(Data excerpt):
========================================

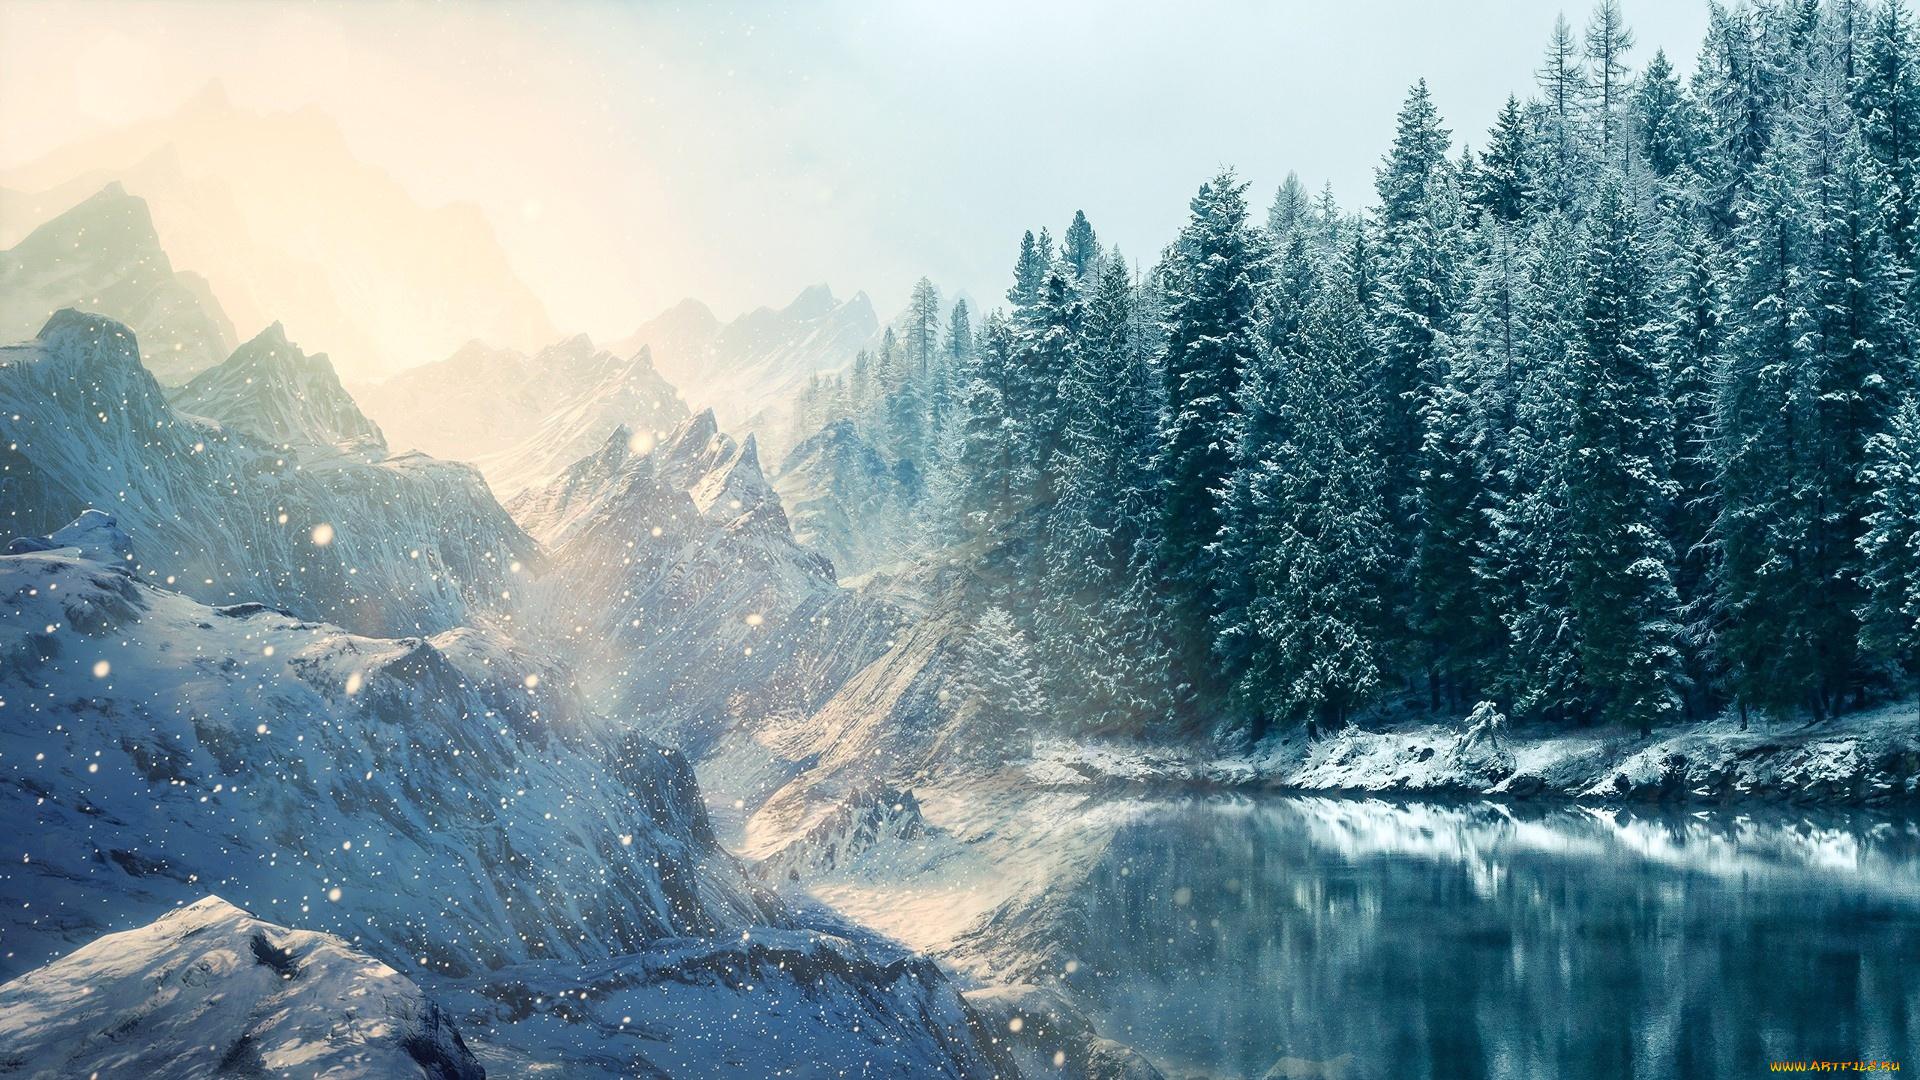 природа снег горы река небо в хорошем качестве
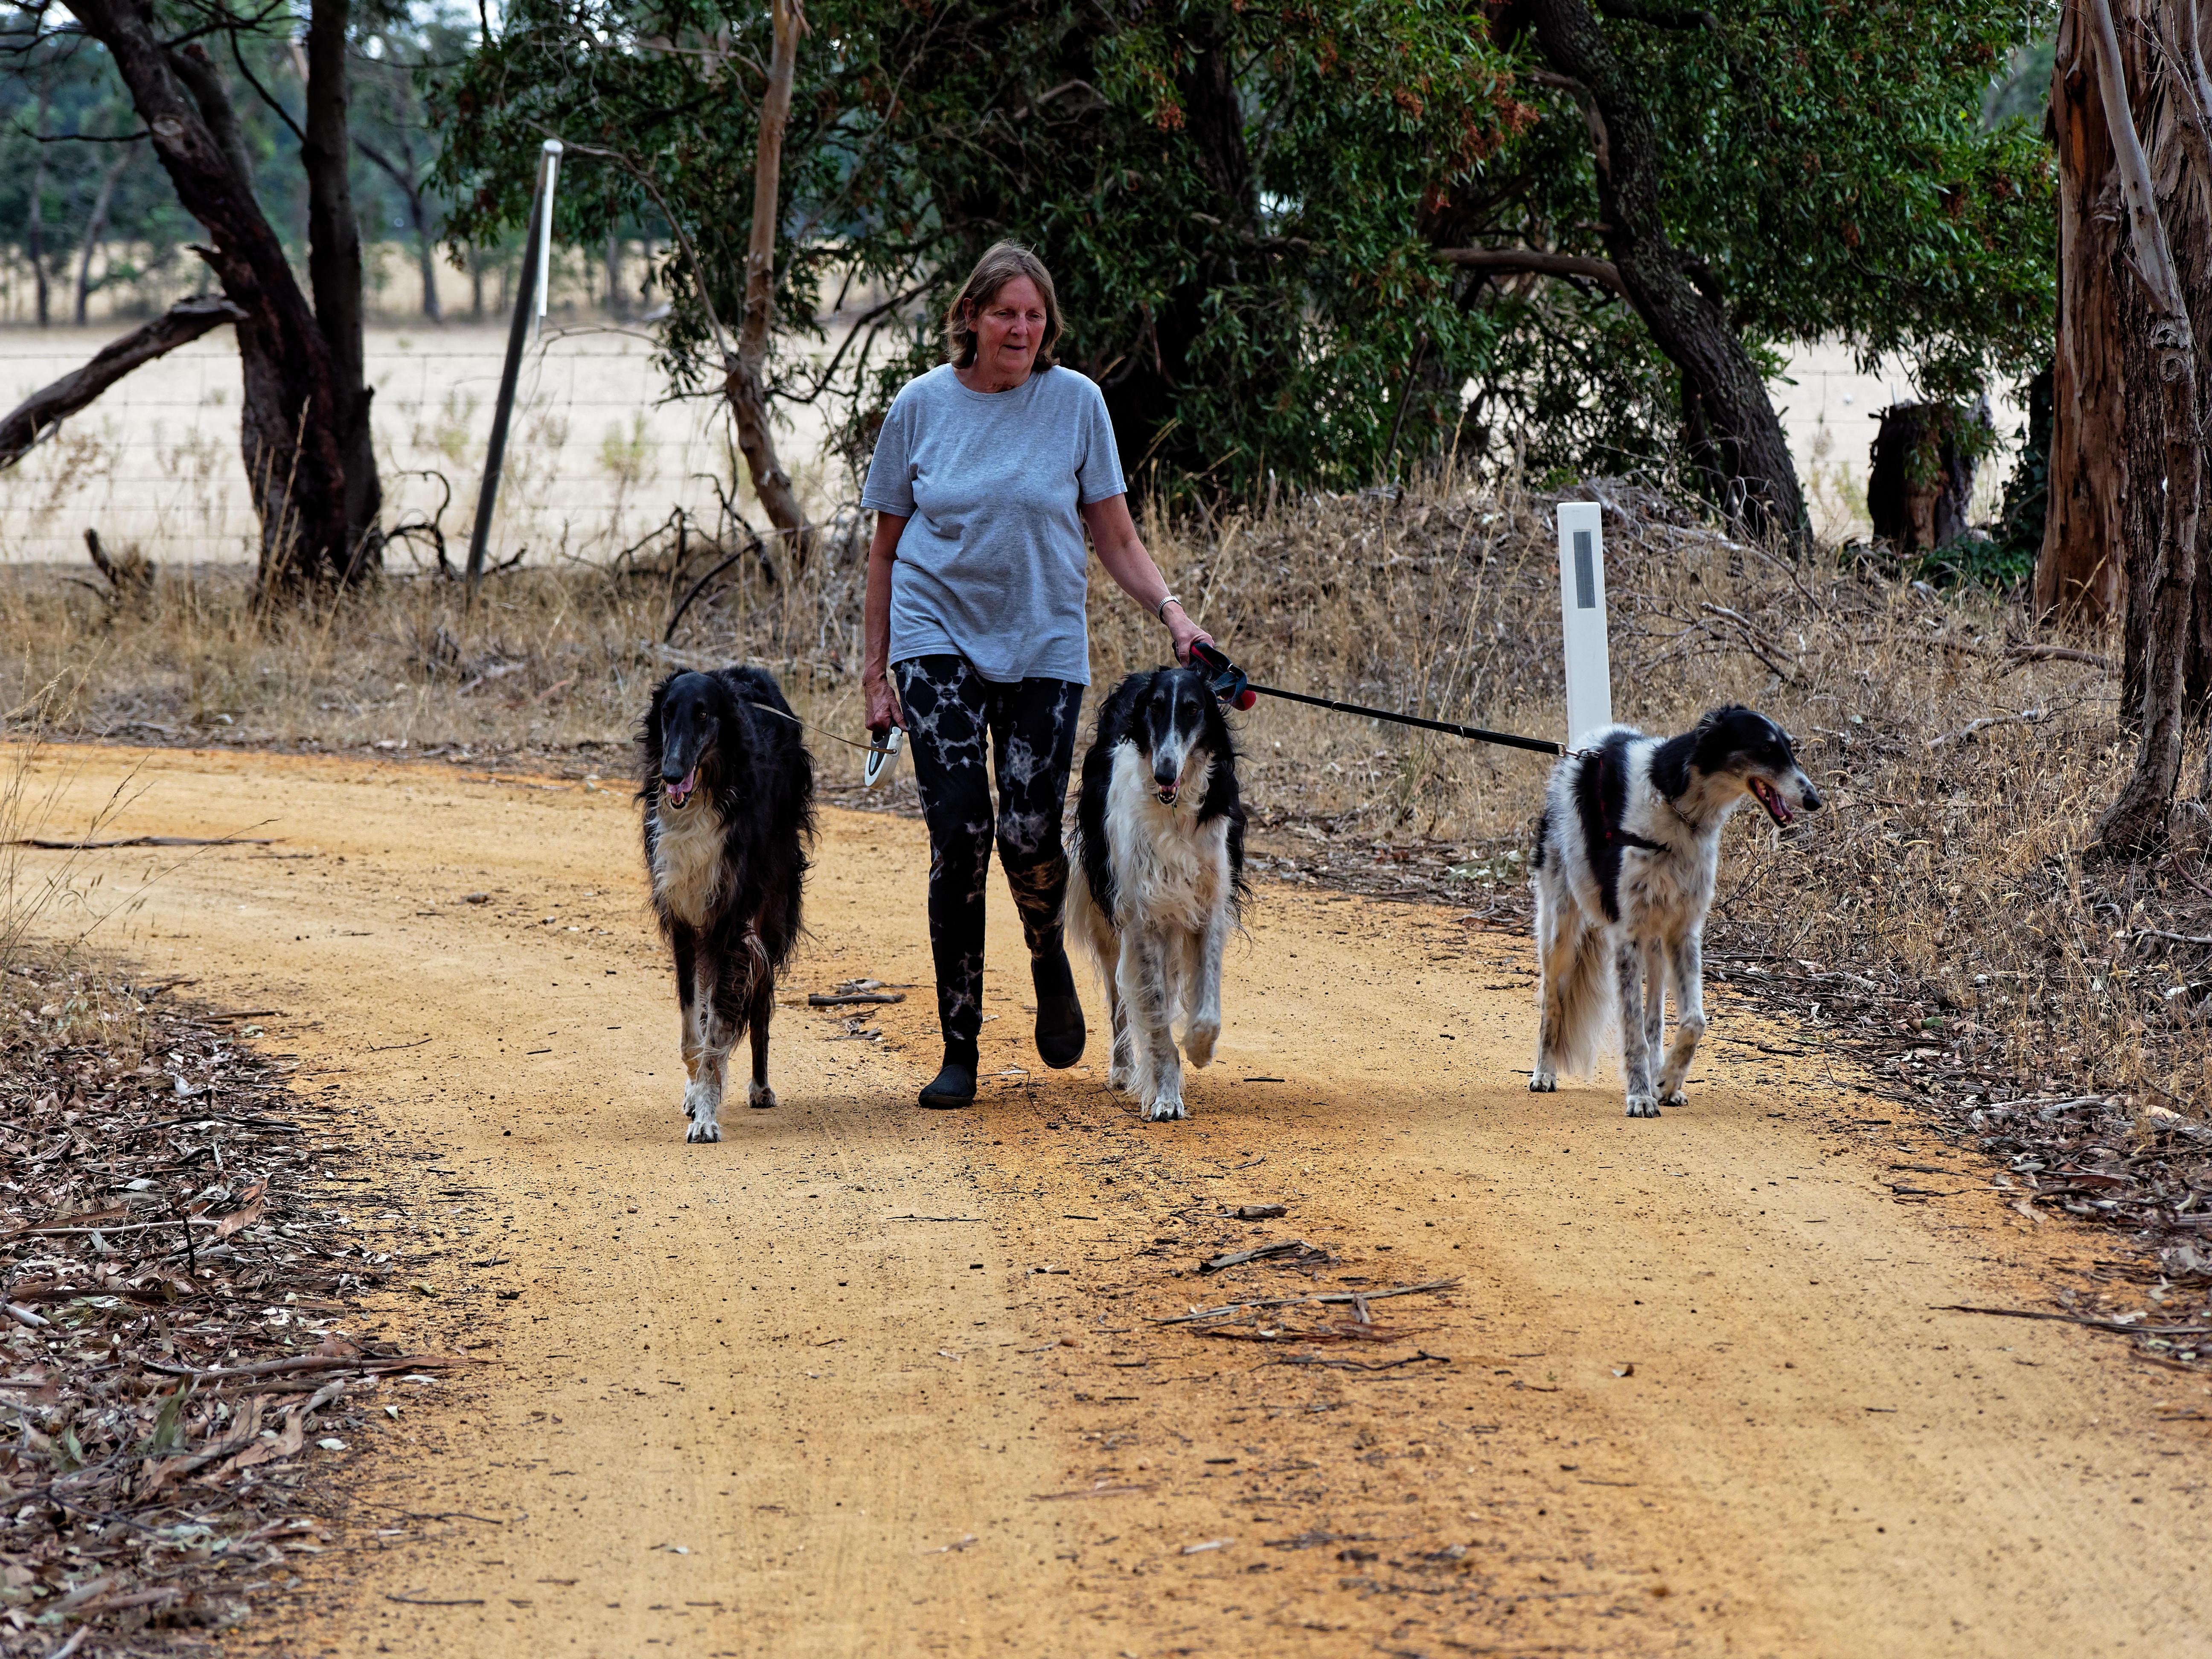 Walking-dogs-38.jpeg
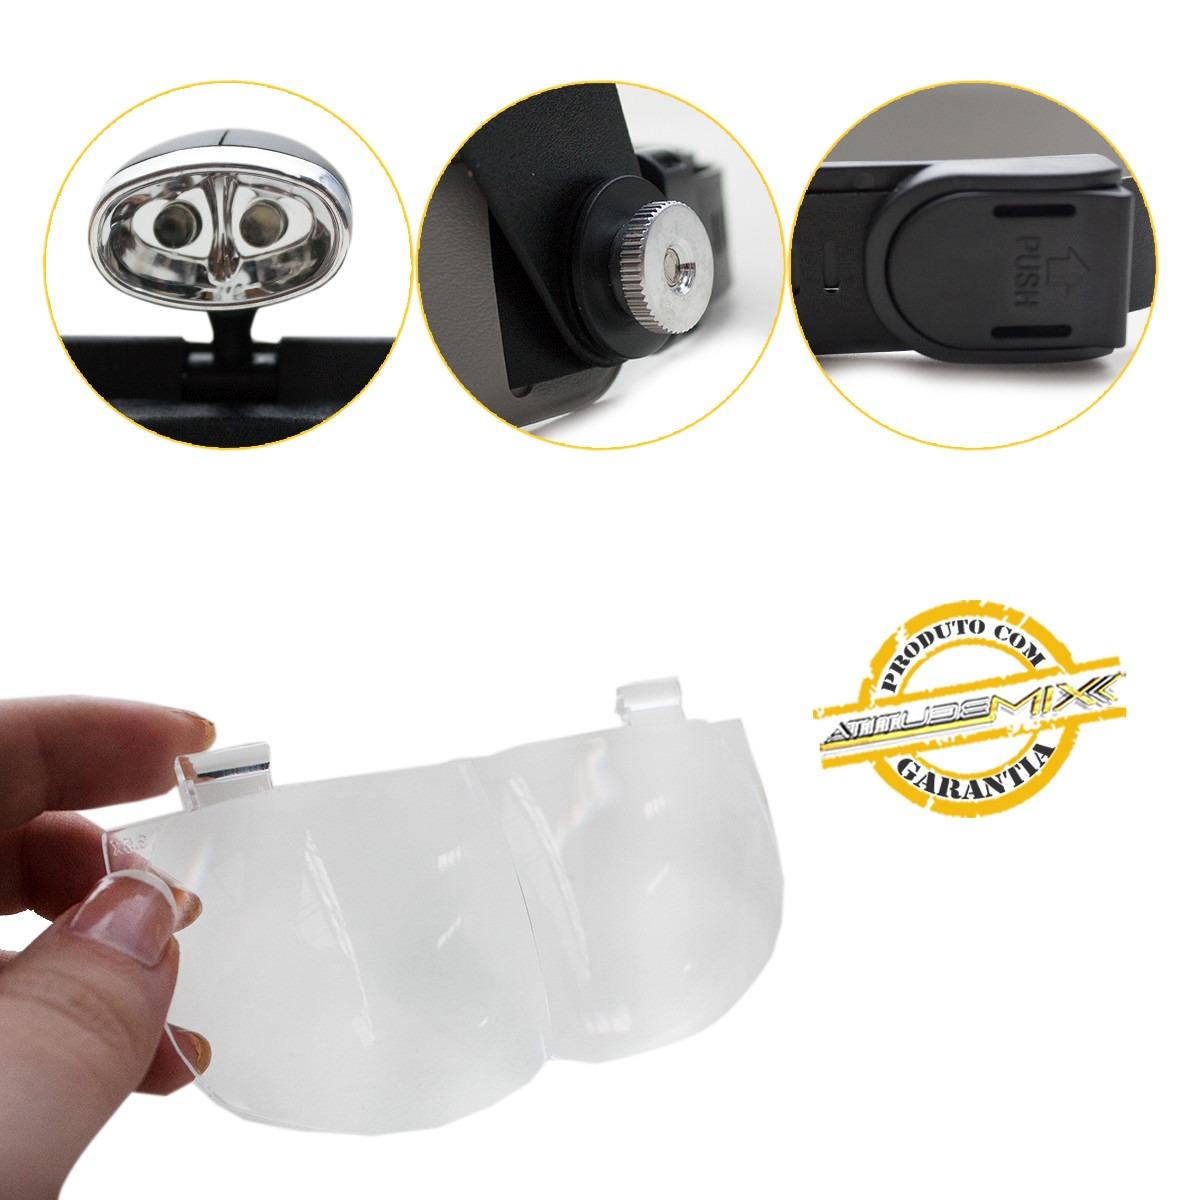 b41b2988c68ab lupa de cabeça viseira led 4 lentes precisão articulável. Carregando zoom.

========================================

(Your objective):
Find the line holding "Walking-dogs-38.jpeg" in the data above. Retype it and every later line exactly, through the end, but not the pictures.

(Answer below):
 Walking-dogs-38.jpeg
 b41b2988c68ab lupa de cabeça viseira led 4 lentes precisão articulável. Carregando zoom.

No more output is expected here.